The plants will need food as well. Keeping it easy, just be sure to feed the fish for the nitrate and phosphate rich poop and get a bottle of aquatic plant food that contains potassium, iron and other micro nutrients and dose as directed.

Not sure the Myrio can survive low light situations. Don't worry about it, not fun but not all plants are going to suit every tank. There is a list of low light plants in the low tech forum, do look through and make a list of those that interest you in case you decide to buy more plants.


----------



## dreamwallaby (Dec 8, 2012)

Thank you everyone for the responses. I will read about the lights and add root tabs. I'm limited with lighting though. The tank is in my kid's room so no desk lamps. I have to use an 18" bulb but I'll see what I can upgrade to and remove the plastic.


----------



## dreamwallaby (Dec 8, 2012)

I forgot to add that I also have a marineland double bright LED light. If I put Ecocomplete under the gravel will I still need root tabs or can I just dose excell and the micro/macro liquid plant food? I feed the fish twice/day to help keep nitrates up but they are still so low.


----------



## Kathyy (Feb 22, 2010)

Ecocomplete is a substrate that holds on to nutrients put into the tank, it hasn't any itself. The long list of nutrients listed on the bag are what the rocks are made of and aren't available for the plants, use the tabs even with the EC.

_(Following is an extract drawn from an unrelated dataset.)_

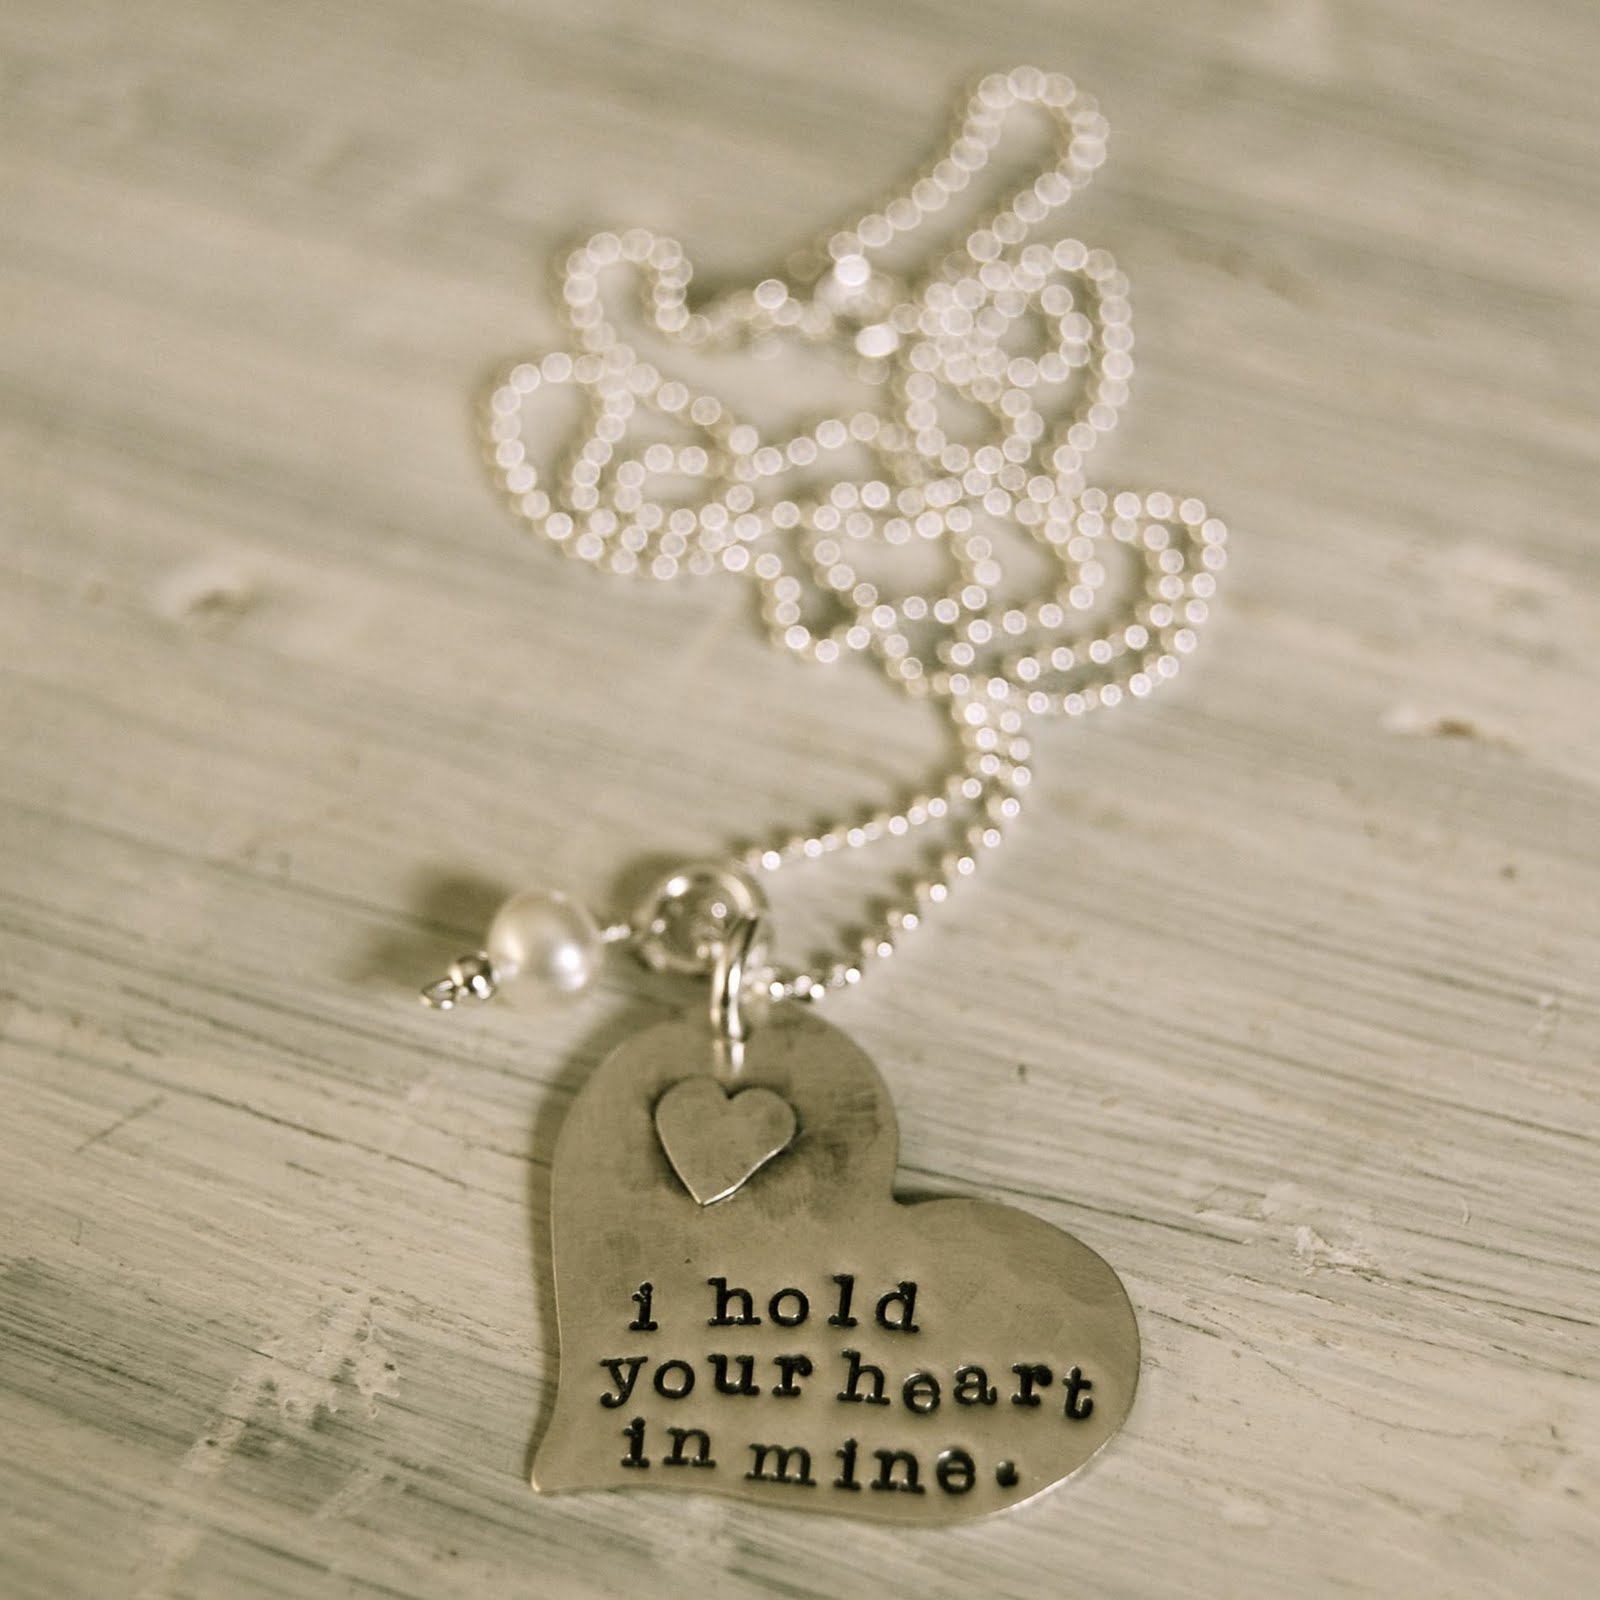 I carry your Heart with me браслет. Heart Necklace. Hold your Heart. Your Hearts are mine душа моя. Best of your heart

A quick google shows the double bright having about the same output as a single 18" bulb, is the tank wide enough to put both on the tank? The 18" bulb might put out 20 units of PAR at 24" off the substrate and the double bright might do the same which would put the light at closer to 40 units of PAR which is medium light.


----------



## dreamwallaby (Dec 8, 2012)

Kathyy said:


> Ecocomplete is a substrate that holds on to nutrients put into the tank, it hasn't any itself. The long list of nutrients listed on the bag are what the rocks are made of and aren't available for the plants, use the tabs even with the EC.
> 
> A quick google shows the double bright having about the same output as a single 18" bulb, is the tank wide enough to put both on the tank? The 18" bulb might put out 20 units of PAR at 24" off the substrate and the double bright might do the same which would put the light at closer to 40 units of PAR which is medium light.


Yes I have both the Marineland double bright and the t8 bulb in the tank together. I'll upgrade the t8 to a T5HO if I can find the right length. Then hopefully light will be good and I can work in the substrate and nutrients.


----------